Socio-Technical perspectives on xaied
Birhane et al. (Citation2022) argue that although AI ethics is a rapidly growing field it cannot keep pace with the rapid development and rollout of AI systems into all parts of society, and as a result most work in this area is shallow. They describe AI ethics as characterised by agnosticism about existing forms of oppression and insufficiently focused on the structures and institutions that perpetuate inequality. Hickok (Citation2021) also calls for greater diversity amid a need to progress from high-level abstractions and concepts in favour of applied ethics which establish accountability. Chatfield (Citation2020) similarly points out that we can’t think about the ethics of AI distinctly from the ethics of our society.
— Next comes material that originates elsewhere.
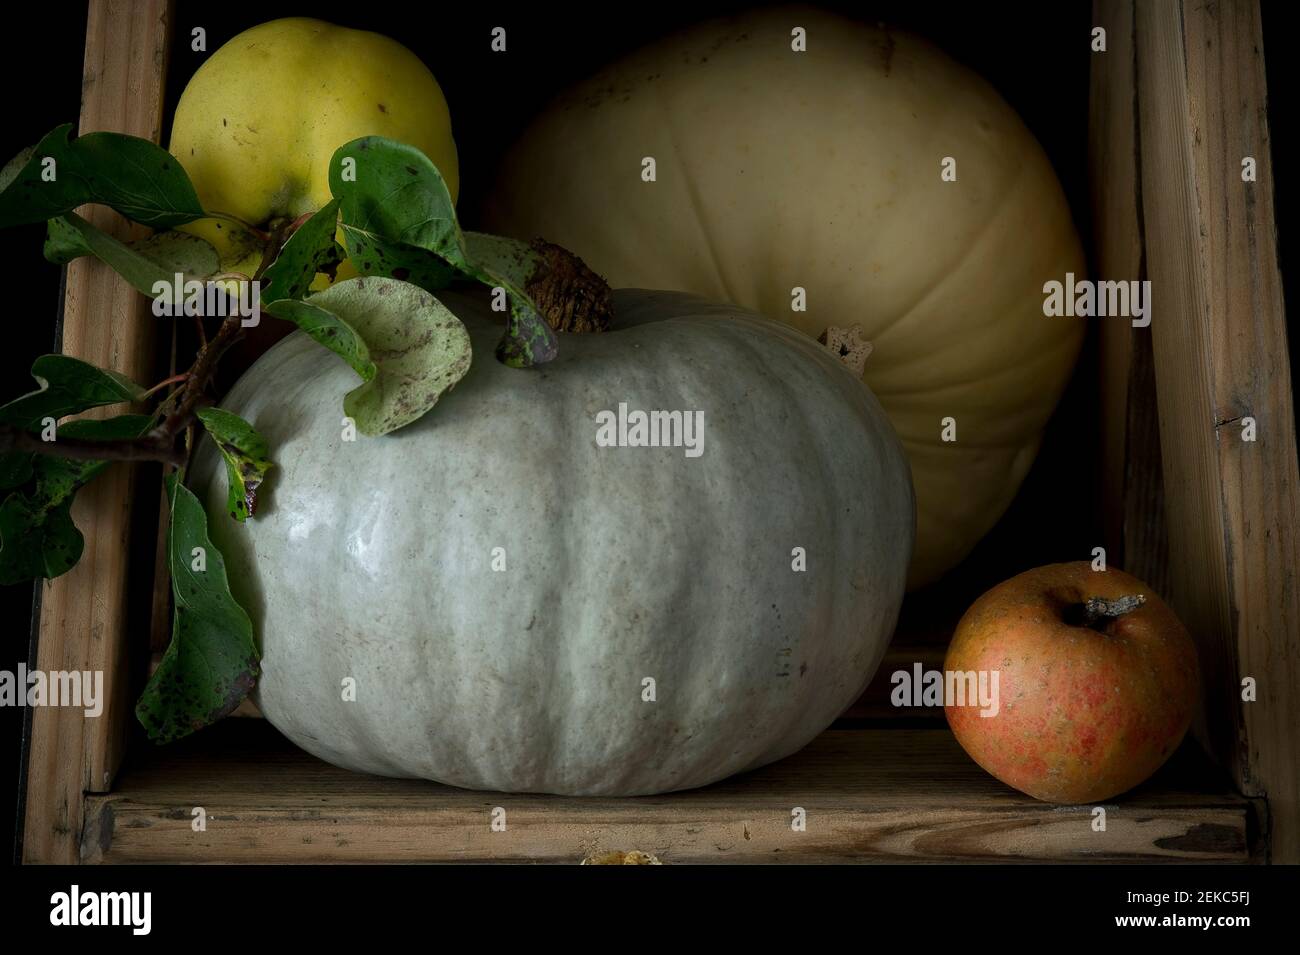 Still life of Fresh ripe apple, quince and crown prince squashes Stock Photo

Attempting to fully understand the socio-technical scale of AI implementations is challenging. Crawford and Joler (Citation2018) have described the interconnected nature of such systems through primary production and processing of raw materials; manufacturing; logistics; assembly; data preparation; programming; AI training; infrastructure, platformisation, user interfaces; and devices. Each stage involves various forms of human labour (much of which is ethically questionable though ‘invisible’ to the end user). To focus on the AI-user dichotomy is to overlook many socio-technical and context-dependent aspects (Vera Liao, Gruen, and Miller Citation2020).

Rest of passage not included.